Film Threat has had the pleasure of reviewing this documentary twice during its festival run (the first time by Eric Campos, the second time by yours truly). I recently had the good fortune to watch the new edition with narration by John Waters and released on DVD by docuramafilms. This John Waters version held its premiere at the Provincetown Film Festival in Massachusetts in the spring of 2005.
Metzler and Springer spent four years under the California sun gathering and piecing together footage of the stories and voices that have resounded and still resound from Imperial Valley and the banks of a man-made sea that has been around for just over a century. The historical (why the Salton Sea exists), environmental (implications of high salt content), and ethnographic (what sort of people would live there) layers of “Plagues & Pleasures” make it virtually three documentaries in one—and it works quite well, thanks to John Waters’s voice-over narration and revisions in pacing. Speaking of revisions, the most noticeable differences between the Slamdance version and this one are enhanced graphics (particularly during the pithy history lesson of the sea’s origins), some footage of the Hungarian Revolution of 1956, more anecdotes from more residents, and much tighter narrative rhythm.
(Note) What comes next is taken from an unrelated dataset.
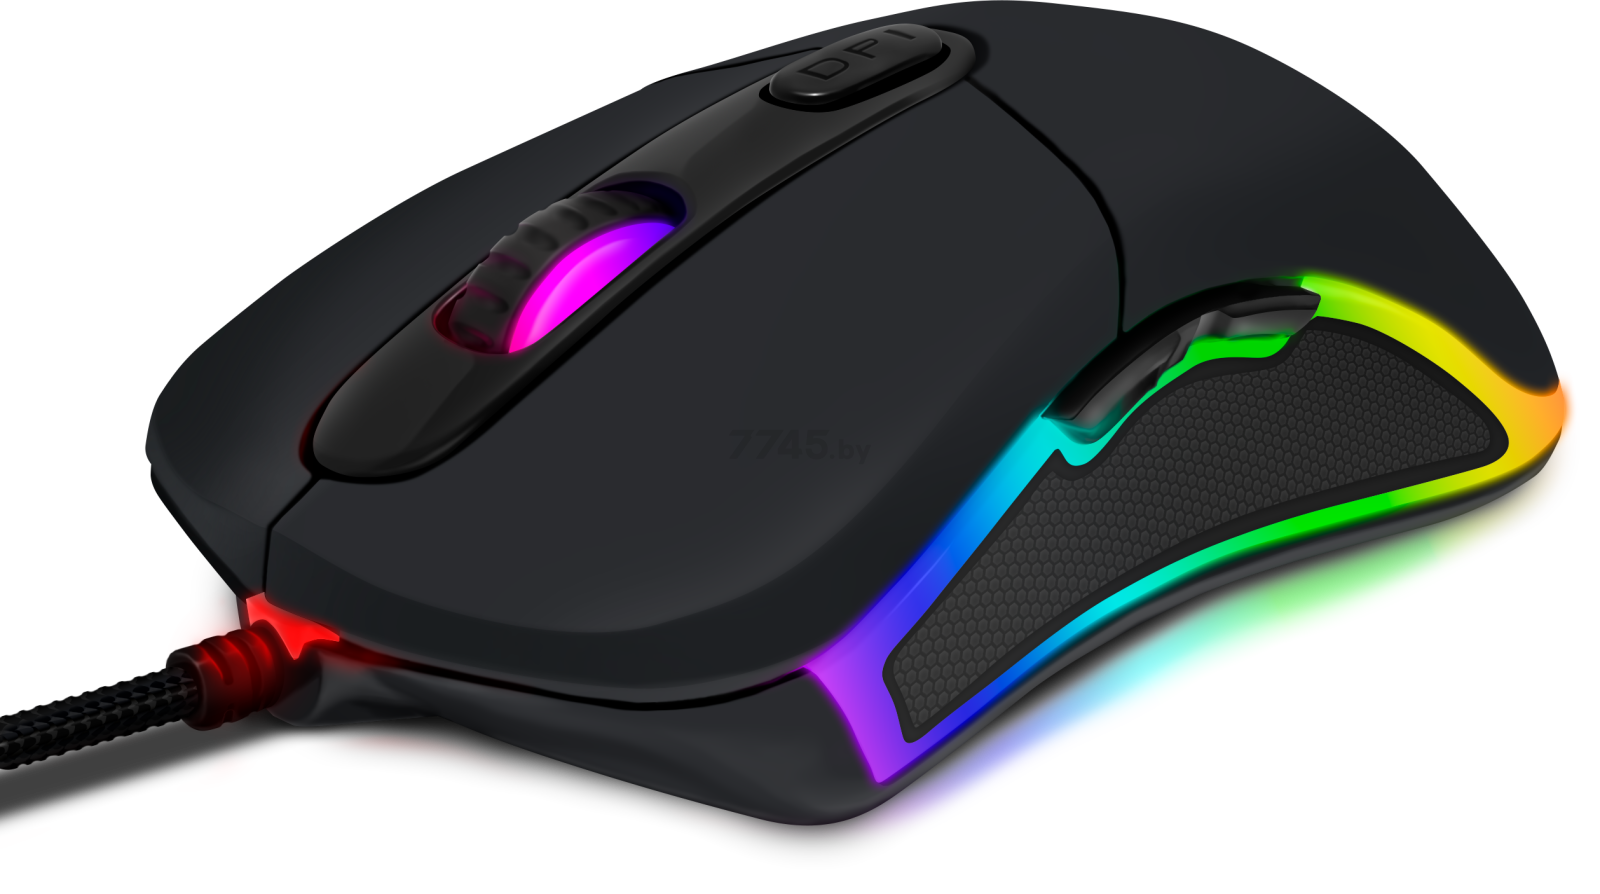 Мышь игровая QCYBER Hype RGB

“Plagues & Pleasures” doesn’t present a doomsday scenario, but there is a stronger sense of urgency in the Docurama DVD edition of the documentary than the version that screened at Slamdance in 2004. While maintaining the perspective of an anthropological, geological case study on a piece of land in southern California, Metzler and Springer’s documentary illustrates the multifaceted nature of man’s interaction with his environment.